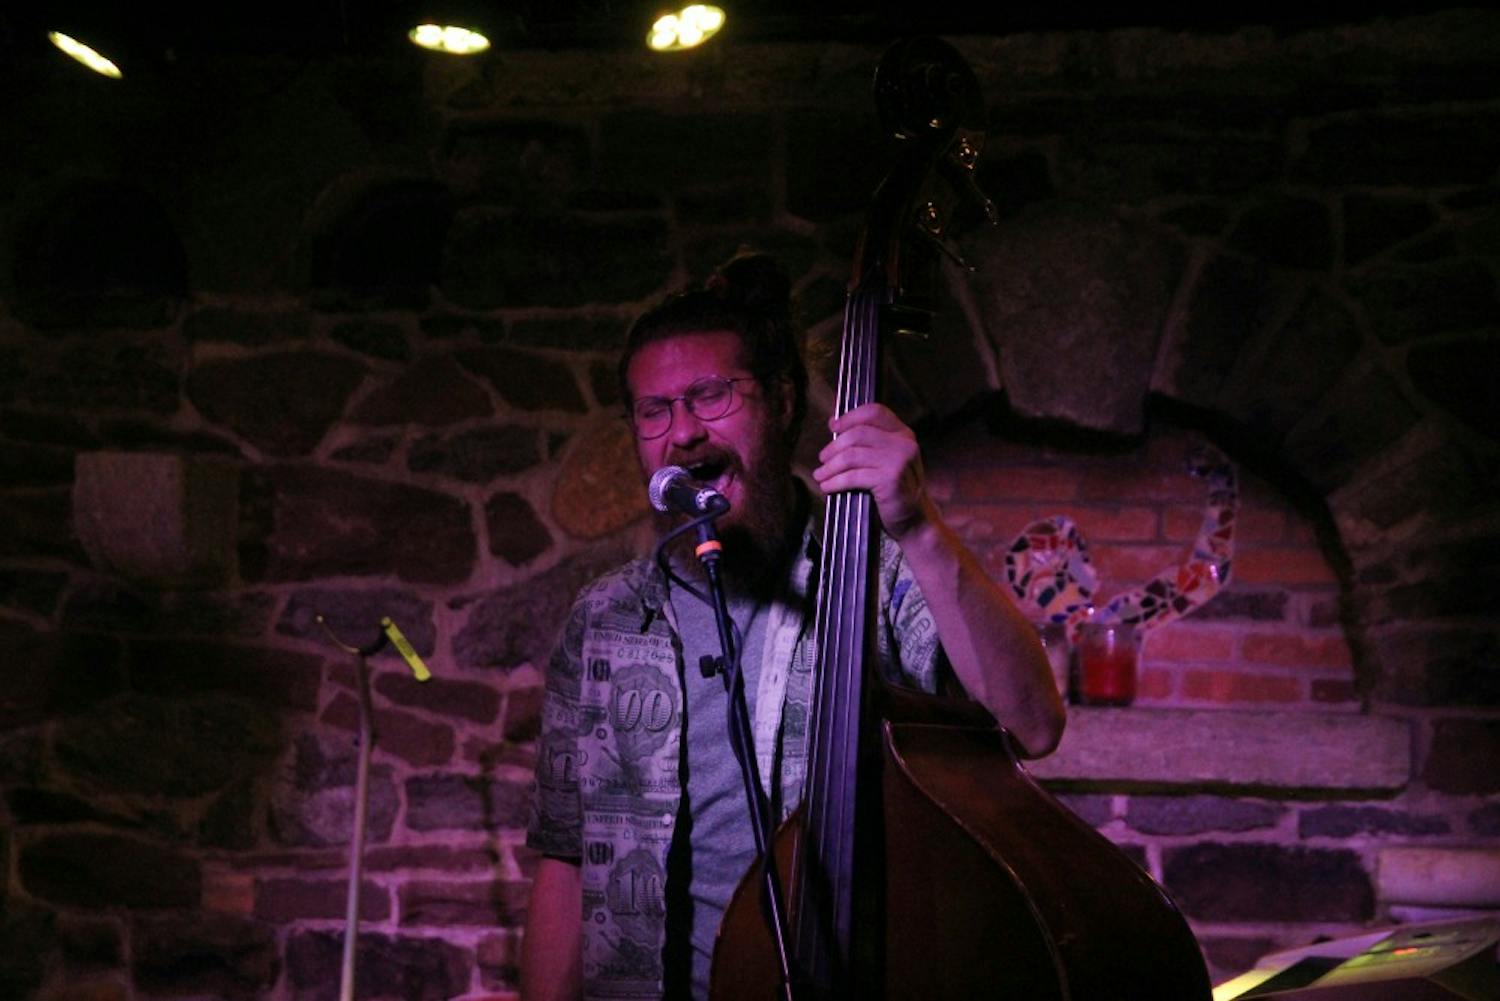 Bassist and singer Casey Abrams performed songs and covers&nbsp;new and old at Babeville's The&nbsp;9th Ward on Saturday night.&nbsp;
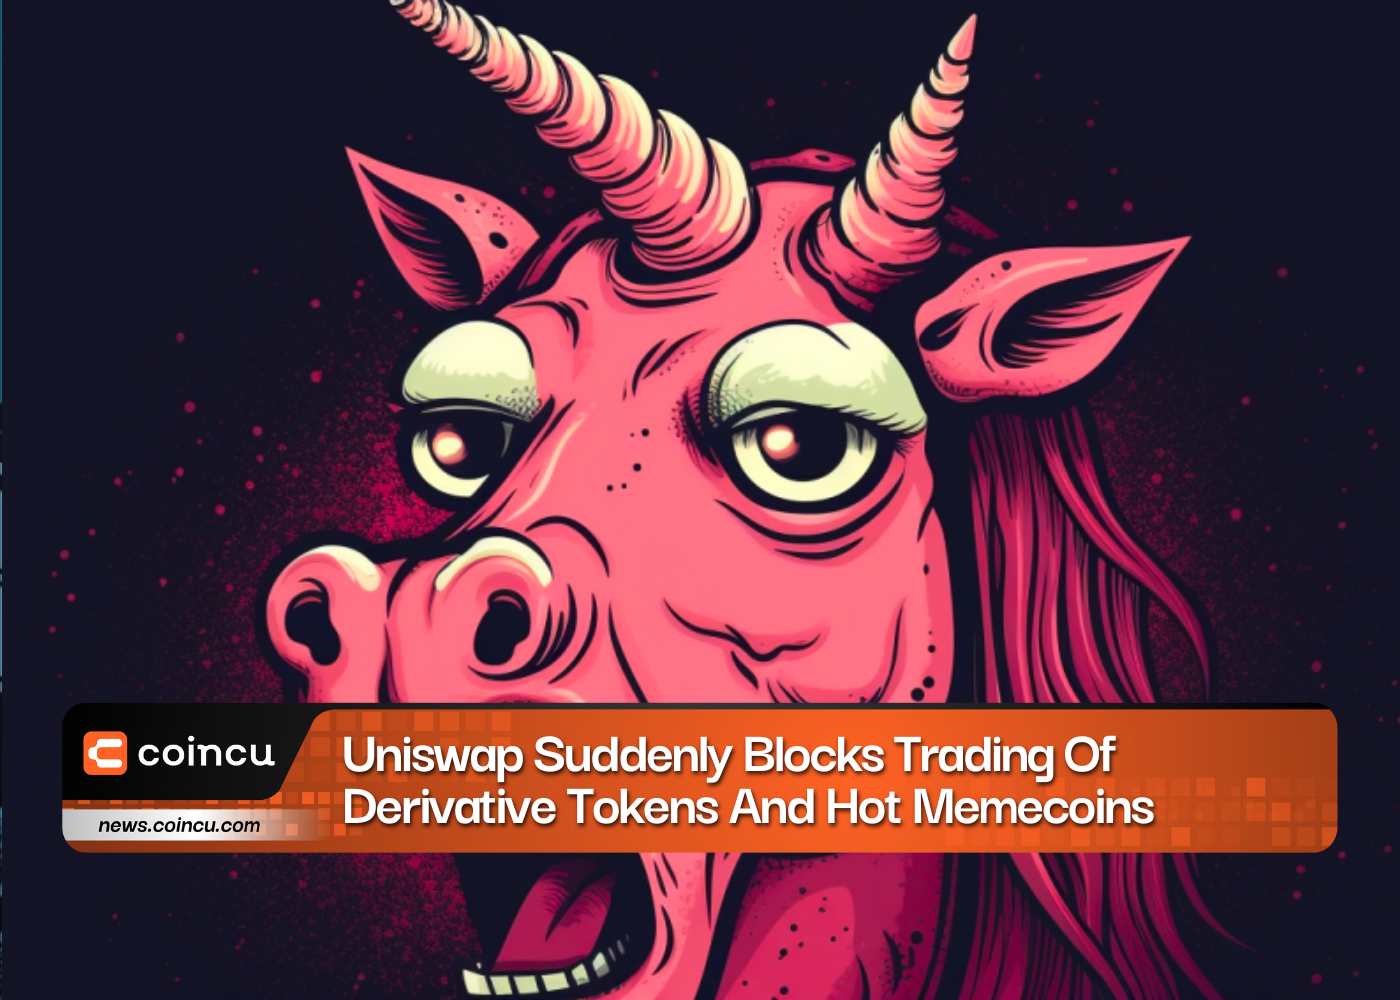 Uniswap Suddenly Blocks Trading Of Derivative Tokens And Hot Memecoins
:::::
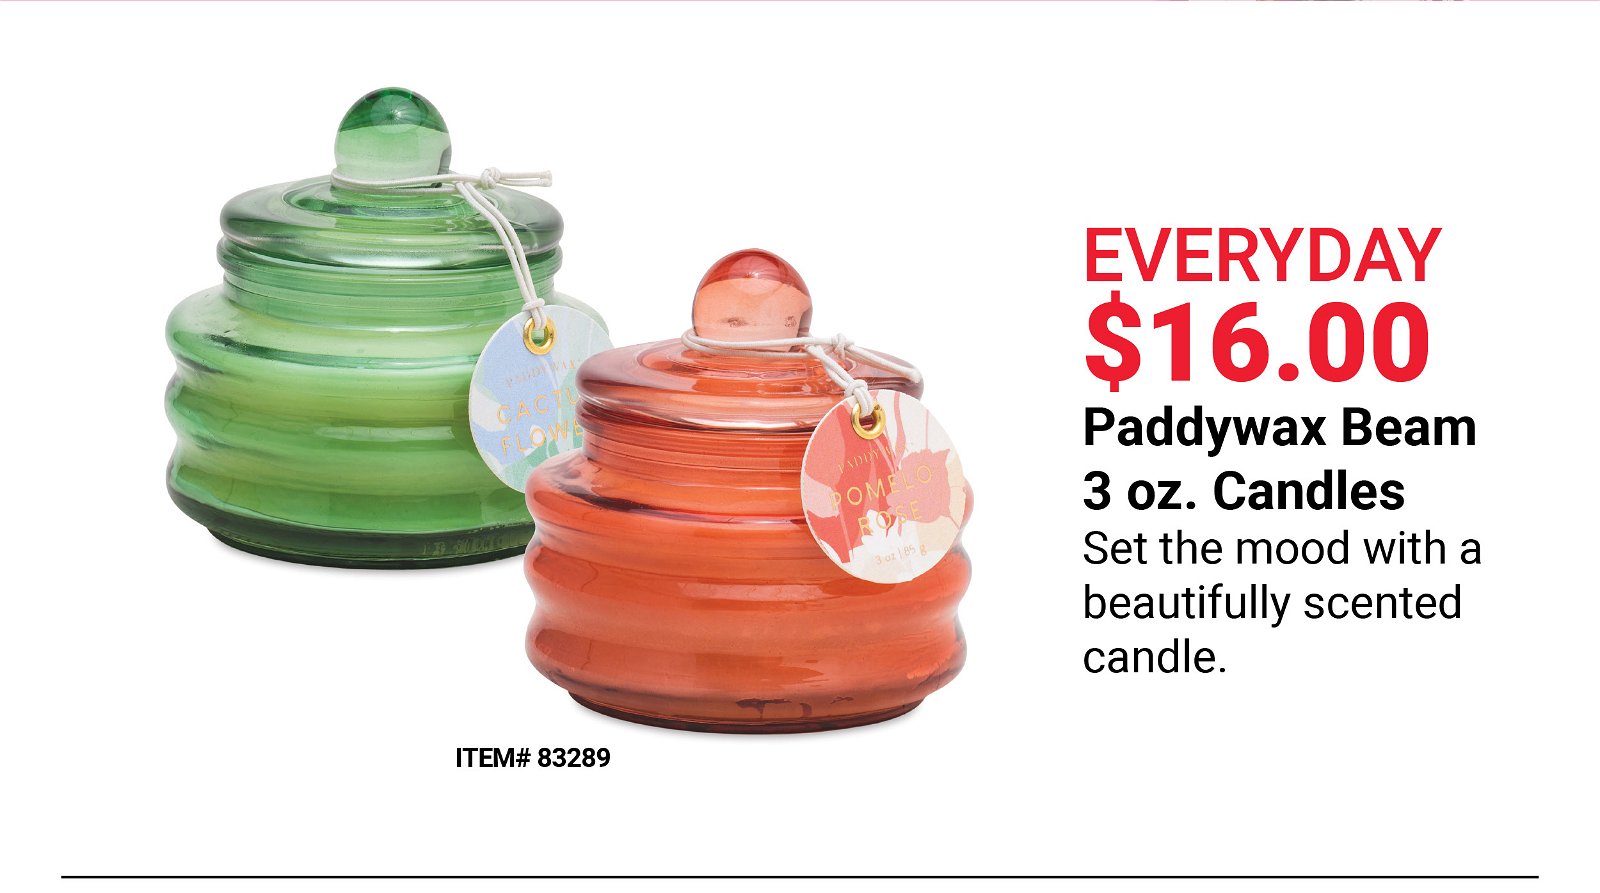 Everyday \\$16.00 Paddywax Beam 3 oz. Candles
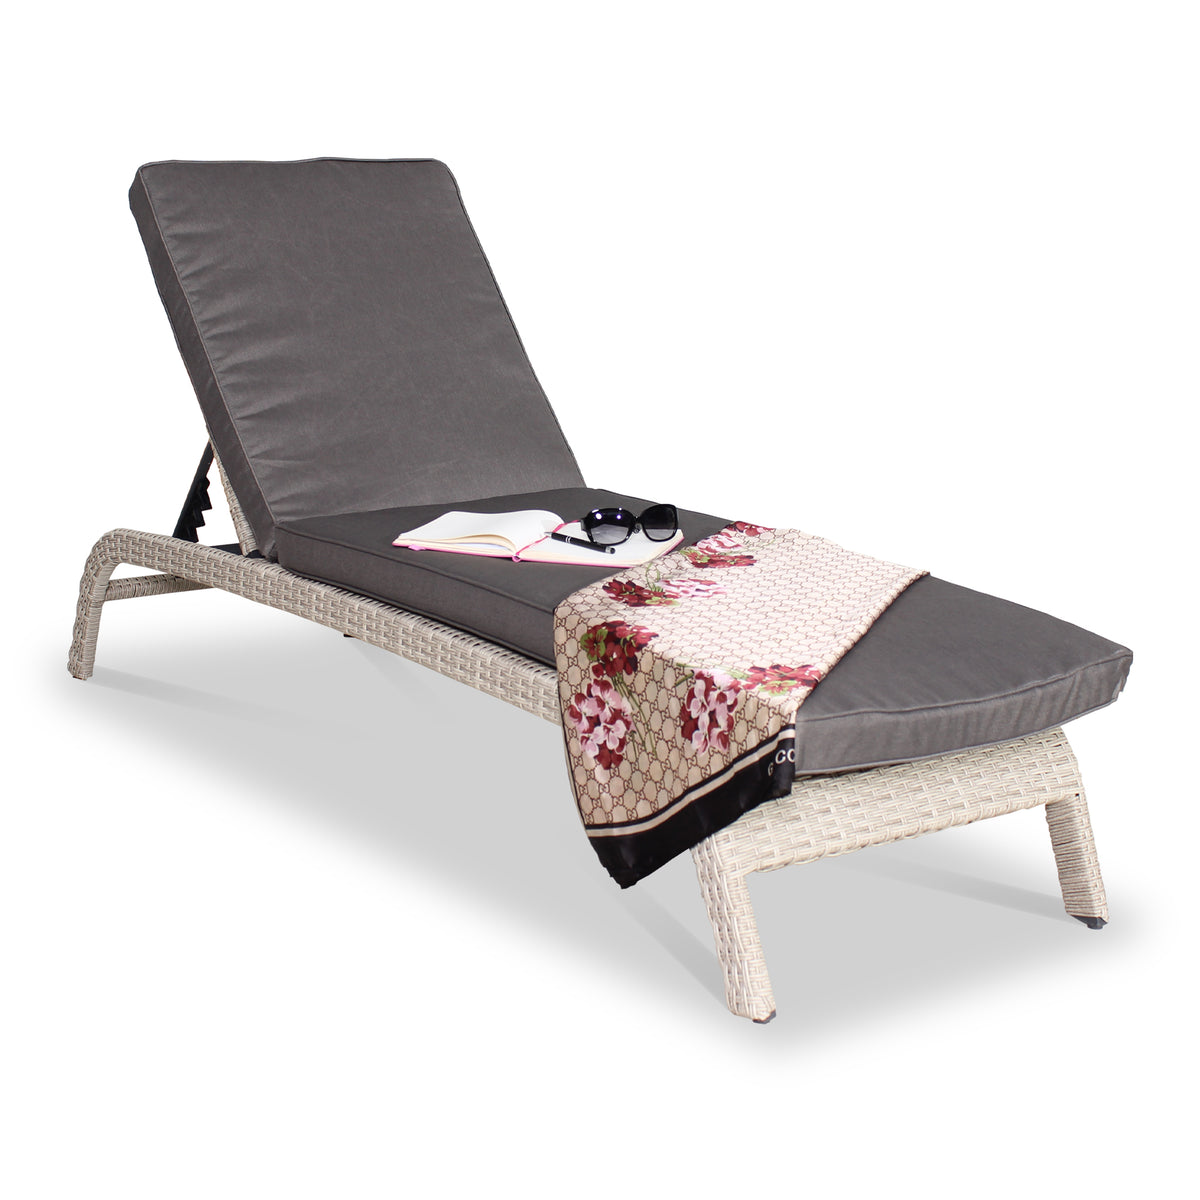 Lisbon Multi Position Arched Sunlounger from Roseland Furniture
:::::
What you write out is the stretch of entries from the line containing "Bassist and singer" to the line containing "Uniswap Suddenly Blocks", word for word, with both end lines and no pictures.

> [ANSWER BELOW]
 Bassist and singer Casey Abrams performed songs and covers&nbsp;new and old at Babeville's The&nbsp;9th Ward on Saturday night.&nbsp;
 Uniswap Suddenly Blocks Trading Of Derivative Tokens And Hot Memecoins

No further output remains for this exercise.